Why Downloads Fail – Part 3 – 32bit Math and the 2GB Boundary Limit
In our “Why Downloads Fail” series part 1 & 2 we discussed end-user behavior and browser limitations as reasons why downloads fail. Today we’re going to try and explain one of the most enervating reasons why large downloads fail; the math. Specifically, the limits of math in download computation.
Math used in computation and file storage can limit the size of files that can downloaded successfully. Its a true as it is painful for users and service providers alike.
Modern computers use 32bit or 64bit computing architectures. The word “bit” refers to the “binary digit”, or 0s and 1s, used as the foundation for digital computing. The 32bit or 64bit labels used (carelessly) in common tech parlance today describe the memory that is accessible by CPUs (central processing units) and, just as often, describe attributes of software written to take advantage of the addressable memory made available by the CPU architecture. For example; We have 64bit CPUs from Intel and 64bit versions of Solaris 10 and RedHat Linux.
Here comes the Math part. The “bit” is the limit of the computers ability to address and store information. So, a machine based on 32bit architecture can only represent numbers for processing up to a limit of 2^32, or 4,294,967,295.
A quick glance suggests that this means we can have a 4GB limit for files used in 32bit architectures. This is partially true. However, a “number” in this context is really an integer. Integers are (we all remember from 6th grade math right?) a positive or negative whole number including zero.
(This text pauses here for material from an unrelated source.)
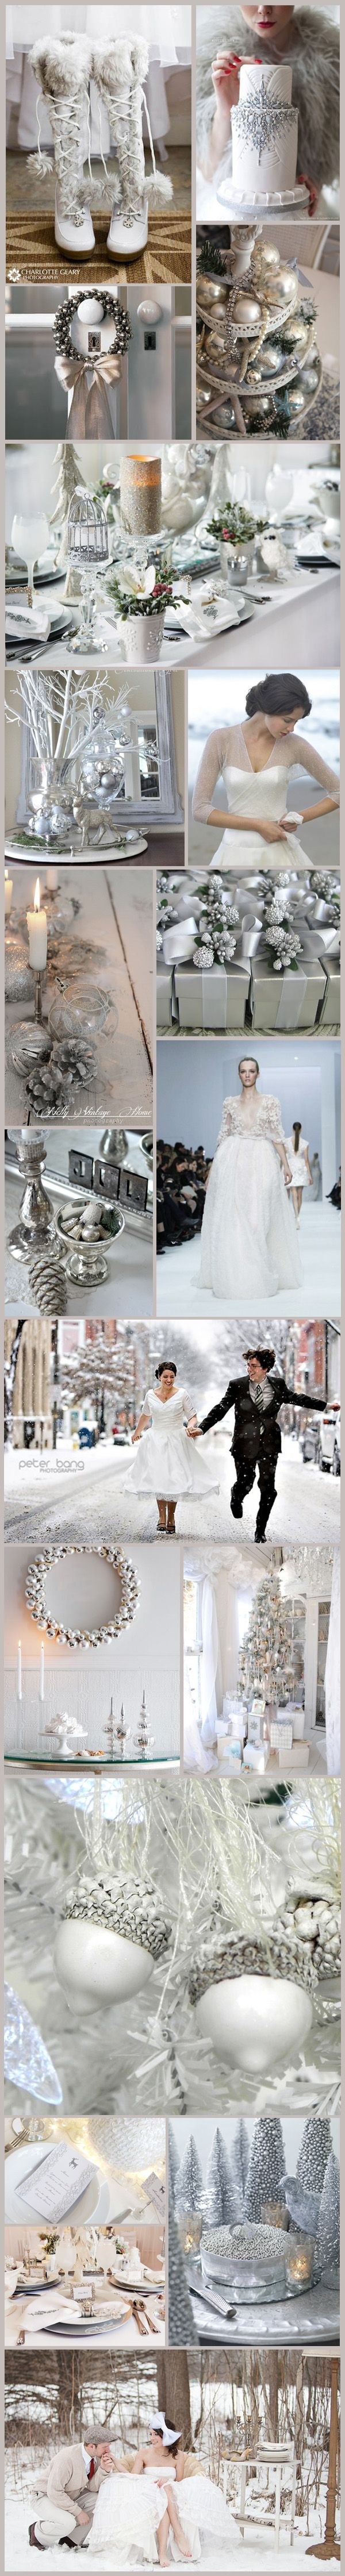 Winter Wedding Inspiration!

Thus, even though in 32bit systems we use 2^32 or 4,294,967,295 bits to play with, we need to include the representation of negative integers when doing computations. The pool of integers we get to use is −2,147,483,648 to +2,147,483,647. This is the root of the 2GB boundary limit.
The difference between the set of integers between zero and 4,294,967,294 and −2,147,483,648 to +2,147,483,647 is known as unsigned vs. signed integers. Software developers use different software languages and libraries of tools and methods, built by others, to help create the foundation for features and functions in the software we use every day. Inherent in these tools are assumptions about how computations will be made. Consequently, some of the software applications still in use today have built-in limitations on how they can read, write, and address files where the numbers (integers) used to represent the sizes are larger than the limits of 32bit math.
Think about this for a second. How long ago was it that 250MB hard drives were the biggest you could buy to put in a laptop? It wasn’t long ago that 2GB files might have been considered “way-out-there”, “over-the-horizon” type file sizes and therefore the need for developers to consider this limit were few and far-between.
Practical manifestations of this calculation limit still show up for end-users every day.
1. They can’t copy or save files over 2GB.
2. They may have a 64bit (integer pool is now 2^64) CPU but their software has been built and compiled on 32bit systems, so they bump into 2GB boundaries.
3. They work in environments where some systems can handle large files and others do not, so cross-system transfers fail without an obvious reason.
All very real, and all very frustrating. As an experiment, try talking to a customer who has paid $500 for a piece of software they need right-now, and explaining that their browser/os/file-system isn’t compatible with large files. Now try it when they just got done watching a streaming IronMan movie on the same machine. Not fun!
There are ways to work-around this limit (see Long vs Float), some obvious, and others not-so-obvious. Large files are still being downloaded, copied and transferred in great quantities. Specialized tools and architectures are making sure that you can distribute your digital assets, however large they may be, quickly and with high success rates. But we are still seeing this as one of the reasons downloads fail to complete successfully.
Sometimes downloads fail because users stop them. Sometimes downloads fail because of browser bugs. Sometimes downloads fail because the math (signed integers) was never going to let them succeed.
Useful links
http://en.wikipedia.org/wiki/Integral_data_type
http://en.wikipedia.org/wiki/Signed_number_representations
http://en.wikipedia.org/wiki/Comparison_of_file_systems#Limits
http://en.wikipedia.org/wiki/Large_file_support
(acknowledgement: this a much discussed topic in tech circles, and we’ve read everything we can find on the subject. My thanks go out to everyone who has attempted to explain this issue, in any fashion, to a non-technical audience. Its not easy. Hopefully this treatment beneficially adds to the ongoing discourse).